= Suid-Afrikaanse Onderwysers Unie =

Trade union in South Africa

The Suid-Afrikaanse Onderwysers Unie (SAOU), sometimes translated as the South African Teachers' Union, is a trade union representing principally Afrikaans-speaking teachers in South Africa.

The union was founded in 1905 to represent Afrikaans-speaking white teachers in the Cape Province. It aimed to improve the pay and working conditions of teachers, to promote education in general, and the use of the Afrikaans language. It did not participate in the anti-apartheid movement.

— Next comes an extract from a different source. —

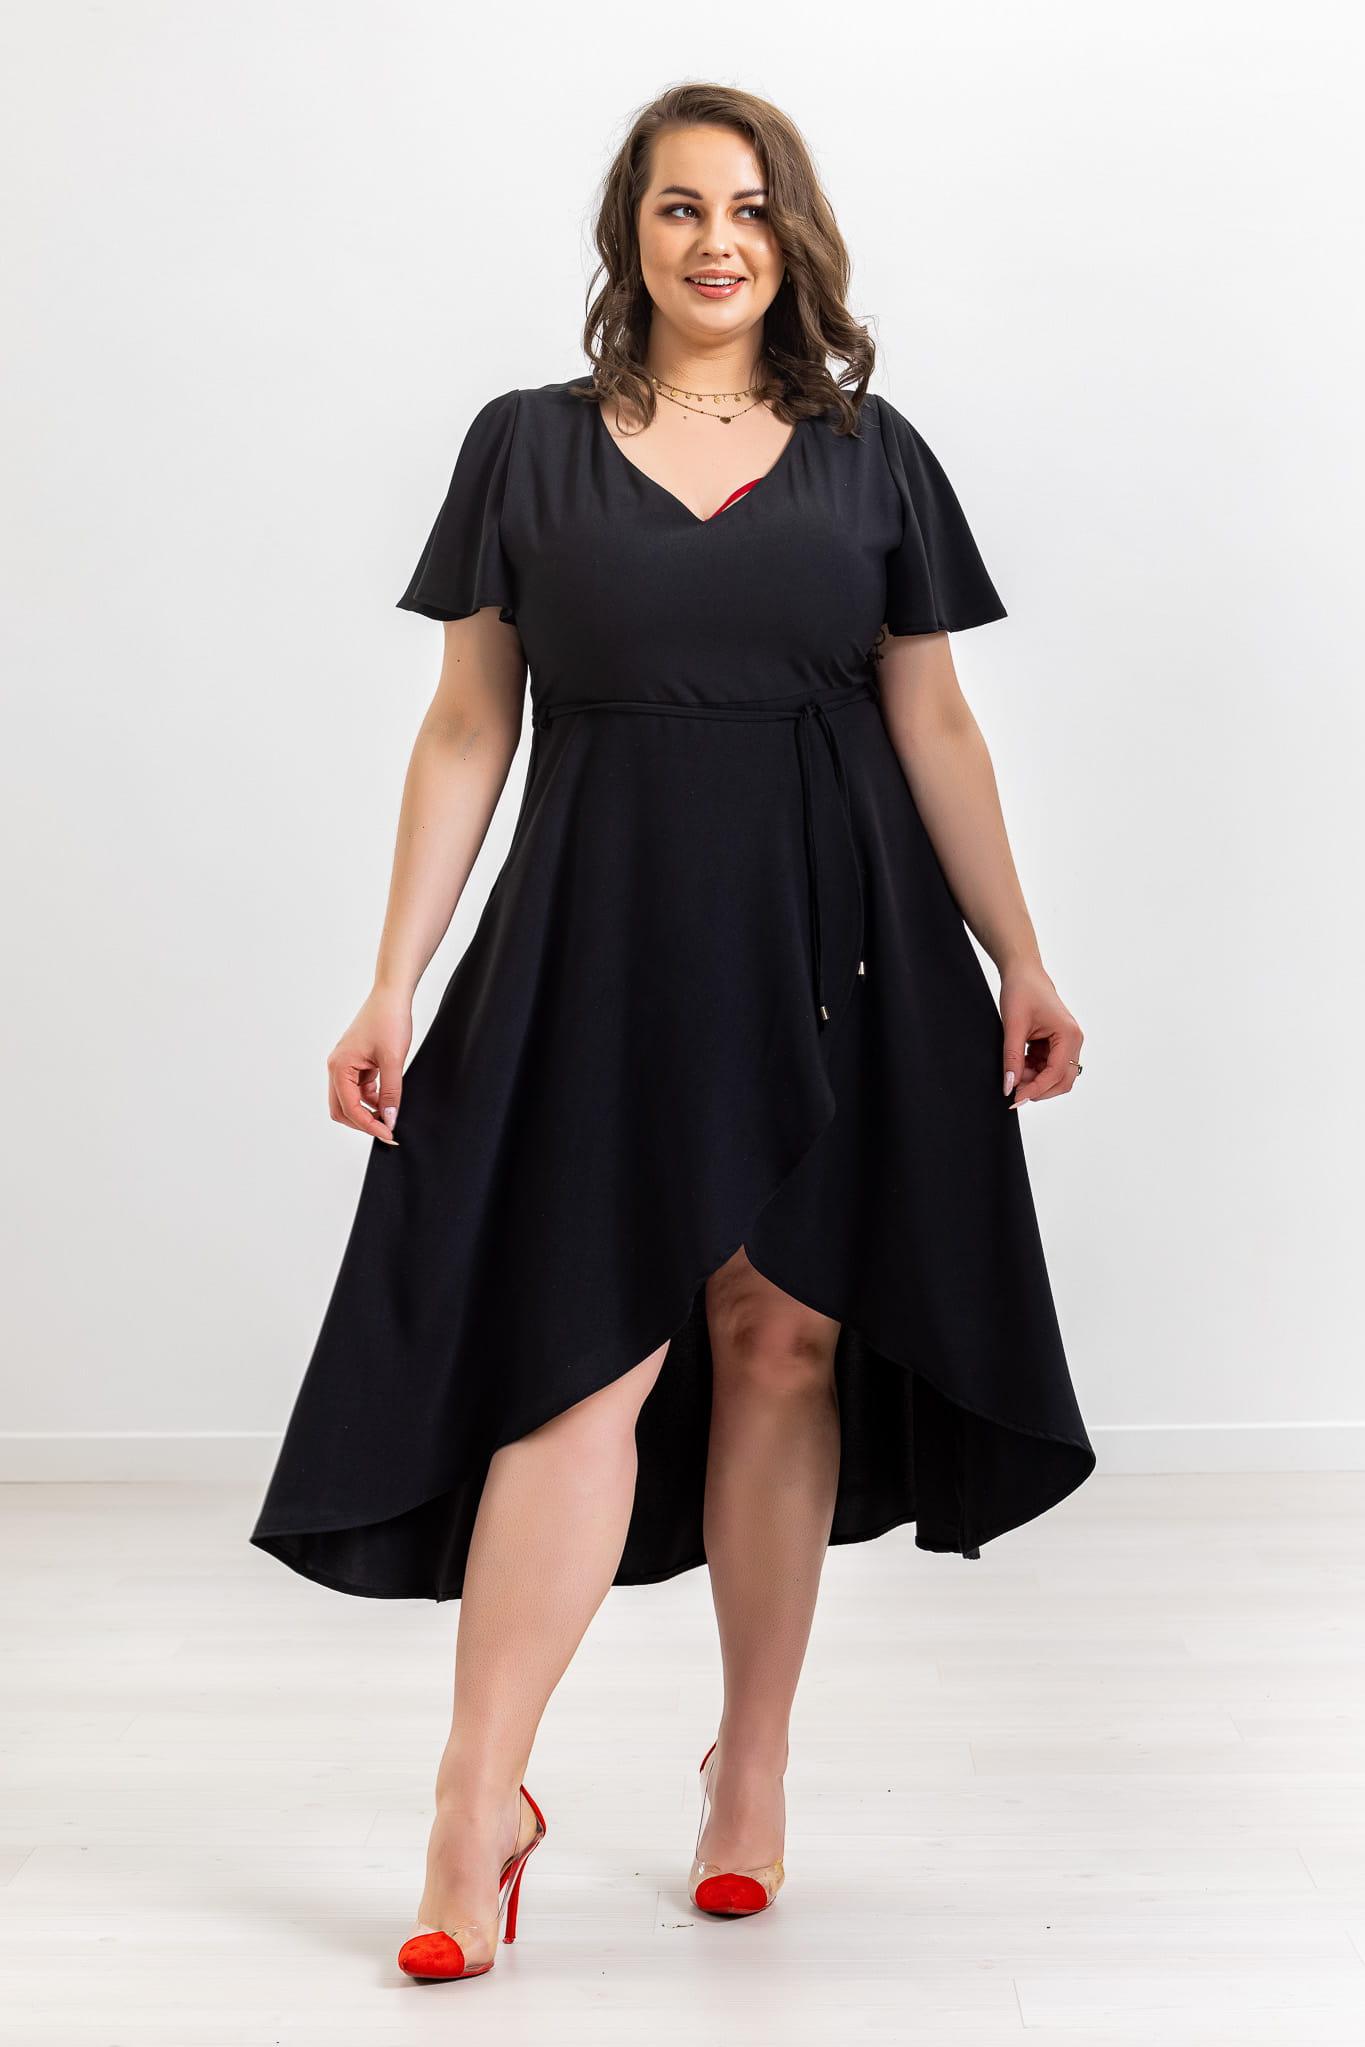 Czarna sukienka Atena XXL OVERSIZE WIOSNA rozmiar 48

In 1991, the union affiliated to the National Professional Teachers' Organisation of South Africa (NAPTOSA), a loose federation. However, in July 1996, it absorbed NAPTOSA's other Afrikaans-speaking affiliates, the Natal Onderwysunie and Onderwysunie van die Oranje Vrystaat, and resigned from NAPTOSA. It initially focused its campaigns on preserving exclusively Afrikaans-speaking schools. The union decided to work more closely with the mainstream trade union movement, and affiliated to the Federation of Unions of South Africa. In 2002, it had 41,315 members, falling to 32,029 in 2011. The union works with NAPTOSA, the Natal Association of Teachers' Unions and the Professional Educators' Union in the Combined Trade Unions, for the purpose of recognition by the Education Labour Relations Chamber.